Sei sulla pagina 1di 2

Le cose da vedere

Esposito stava morendo. Ormai se ne stava tutto il giorno a letto, il viso giallo,
le mani contratte sulla coperta, tormentato dal mal di schiena. Sapeva benissimo che
ormai non c'era più nulla da fare, eppure non lo sentivi mai lamentarsi. Del resto, non
era mai stata sua abitudine. Sosteneva che non servisse a nulla. Le cose hanno una
loro logica, diceva sempre. O sai cosa fare, e lo fai, oppure non lo sai, e allora aspetti
di mettere insieme un po' più di dati.

Io, in quanto figlio di amici di famiglia, e un po' anche suo personale, gli davo
una mano, che so io, portandogli un po' di spesa. Mia madre, nei ritagli di tempo, gli
dava un po' di pulita alla casa. Del resto, prima che si ammalasse avevamo passato
insieme ore ed ore. Finiti i compiti, correvo verso la sua bottega, e mi sedevo su uno
sgabello. Lui rimaneva chino sul suo desco, una lente incastrata nell'occhio sinistro a
scrutare qualcosa di molto molto piccolo. Parlavamo di tutto. E mi stupivo di quanta
conoscenza e cultura si potesse trovare in un uomo che, a sentire mia madre, non
aveva mai deviato dal percorso casa-bottega, duecento metri scarsi.

E qui scattò la mia curiosità. Noialtri, la nostra famiglia voglio dire, invece
eravamo sempre in movimento. Non c'era estate, pasqua, natale, primomaggio che
papà e mamma, fatte le valigie, non mi portassero in qualche posto, sempre diverso.
Ricordavo posti tipo Maurizius, Tonga, Sciarmelscèck. Papà diceva sempre: ci sono
tante di quelle cose da vedere. Lui invece stava sempre lì da un giorno all'altro, da
anni, decenni. Spesso mi veniva da chiedermi se non si fosse perso qualcosa. Volevo
domandarglielo, ma mi passava sempre di mente. Un giorno in cui pareva più lucido,
e che mi era sovvenuta l'idea, mi decisi.

“Sentite, Esposito, vi volevo fare una domanda”.

Poi, rimasì lì tipo stoccafisso.

“Guagliò, e fammela 'sta domanda, che sennò magari non ce la faccio a


risponderti”.
“Ecco, ma... avete mai pensato di andarvene un po' in giro per il mondo...
vedere un po' di cose...”

Per un po' non mi rispose, e pensai: non sarà che mi schiatta adesso. Ma
evidentemente stava soltanto pensando a come rispondermi.
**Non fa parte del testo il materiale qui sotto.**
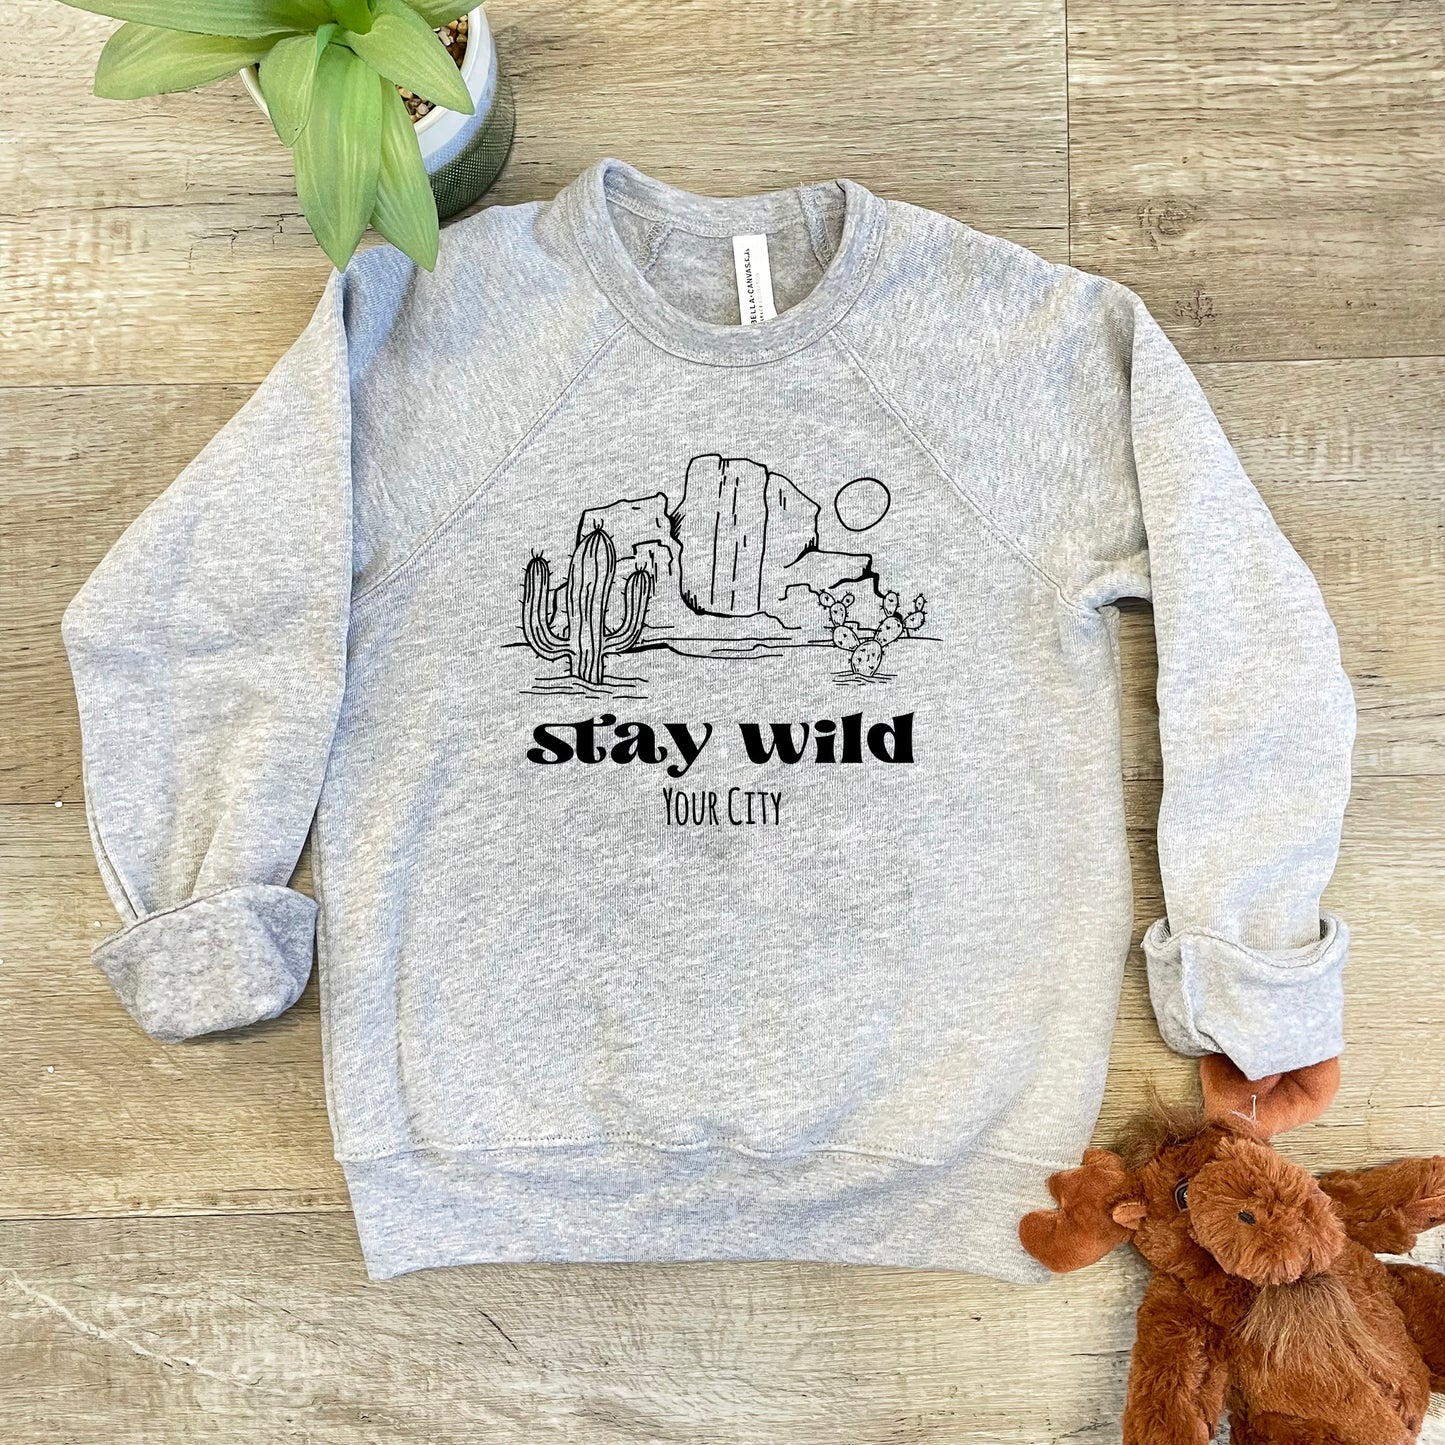 a gray sweatshirt with a cactus and a teddy bear

“Ah, ma io mica sono sempre stato qui, sai? Da giovane ho girato, pure io. In
Belgio, in Germania, a fare il minatore. Poi in America, a costruire grattacieli. Ero
giovane e curioso, proprio come te. Poi, sai cosa ho scoperto? Che alla fine è proprio
vero che tutto il mondo è paese. In ogni posto trovi case gente strade negozi, oppure
negozi strade gente case, o anche gente negozi case e strade. Esattamente come qui.
Allora, tanto vale rimanerci, qui. Credi a me, tutta questa smania di girare, alla fine ti
riporta sempre al punto di partenza. Col tempo ci arriverai pure tu.”

Rimasi ancora una mezz'oretta, poi fu tempo di rincasare. Lungo la strada, ogni
singola parola di Esposito mi rimbalzava tra le pareti del cervello. Arrivato a casa, mi
fiondai subito nella mia cameretta. Sulla scrivania tenevo sempre aperto un enorme
atlante, dono di papà per il mio decimo compleanno. Cominciai a sfogliarlo con
frenesia. Sentivo impellente la necessità di distanze, ampi orizzonti.